Details on the thermotolerant yeast research

Lead researcher Jens Nielsen, a professor of systems biology at Chalmers, noted that one basic mutation was all that was needed for yeast to become thermotolerant. Nielson continued to explain that normal yeast cells have ergosterol in their cell membranes. The mutation that provides for a thermotolerant strain of yeast substitutes fecosterol – a more “bent” molecule — for this ergosterol.

New thermotolerant yeast is a “natural mutation”

Instead of using one of the direct gene modification techniques often used today, the researchers decoded to use time-tested adaptive laboratory evolution. So they just cultivated a number of batches of yeast at 40 degrees Celsius over a three-month period. After 300 generations, more yeast began to survive and within a few more generations the cultivations were thriving.

It turned out all batches of the new thermotolerant yeast had mutations in the ERG3 gene that replaced  ergosterol with fecosterol. The fecosterol increased cell membrane stability, allowing the yeast to survive at higher temperatures. Moreover, the study also established that the thermotolerant trait was passed on to future generations.
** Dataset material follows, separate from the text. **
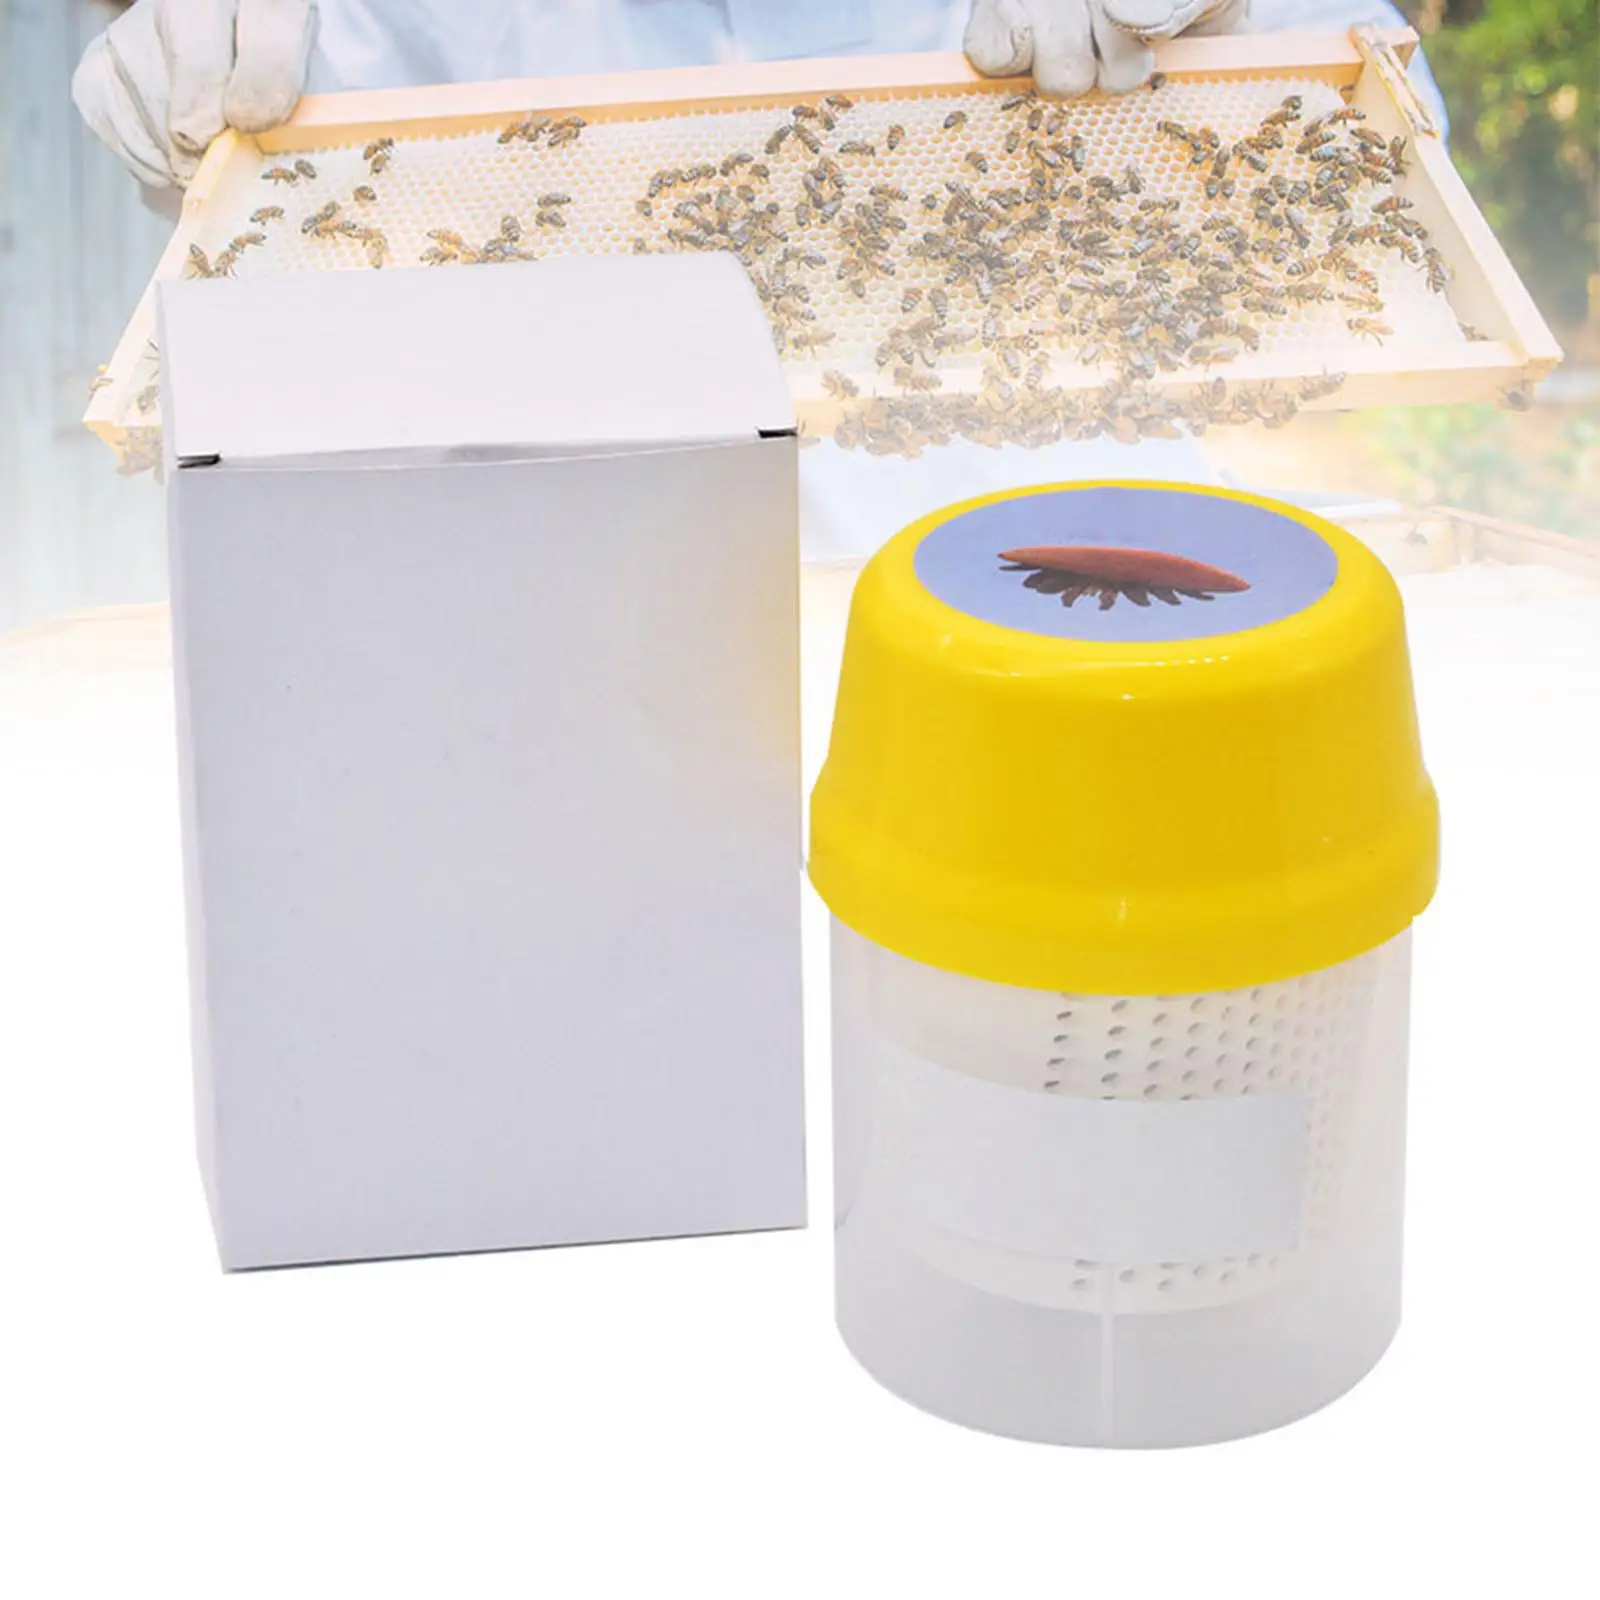 Plastic Varroa Shaker Monitoring   Beekeeping Equipment Tool

Yeast thermotolerance means dramatic increases in biofuel production efficiency

Yeast is used to convert corn and other crops into ethanol or related biofuels. With the current types of yeast, the vats must be cooled to ensure the individual yeast cells are not killed by the heat they produce themselves. Yeast is typically cooled to around 30 degrees Celsius during ethanol production, but the process could be more efficient and less expensive if yeast cultivation could be undertaken at 40 degrees Celsius. The new yeast would remove the cost of continuously maintaining the yeast at 30 degrees Celsius. In the ethanol production process, the yeast break down starch in grains like corn into individual sugar molecules. This reaction works best at 40 degrees Celsius.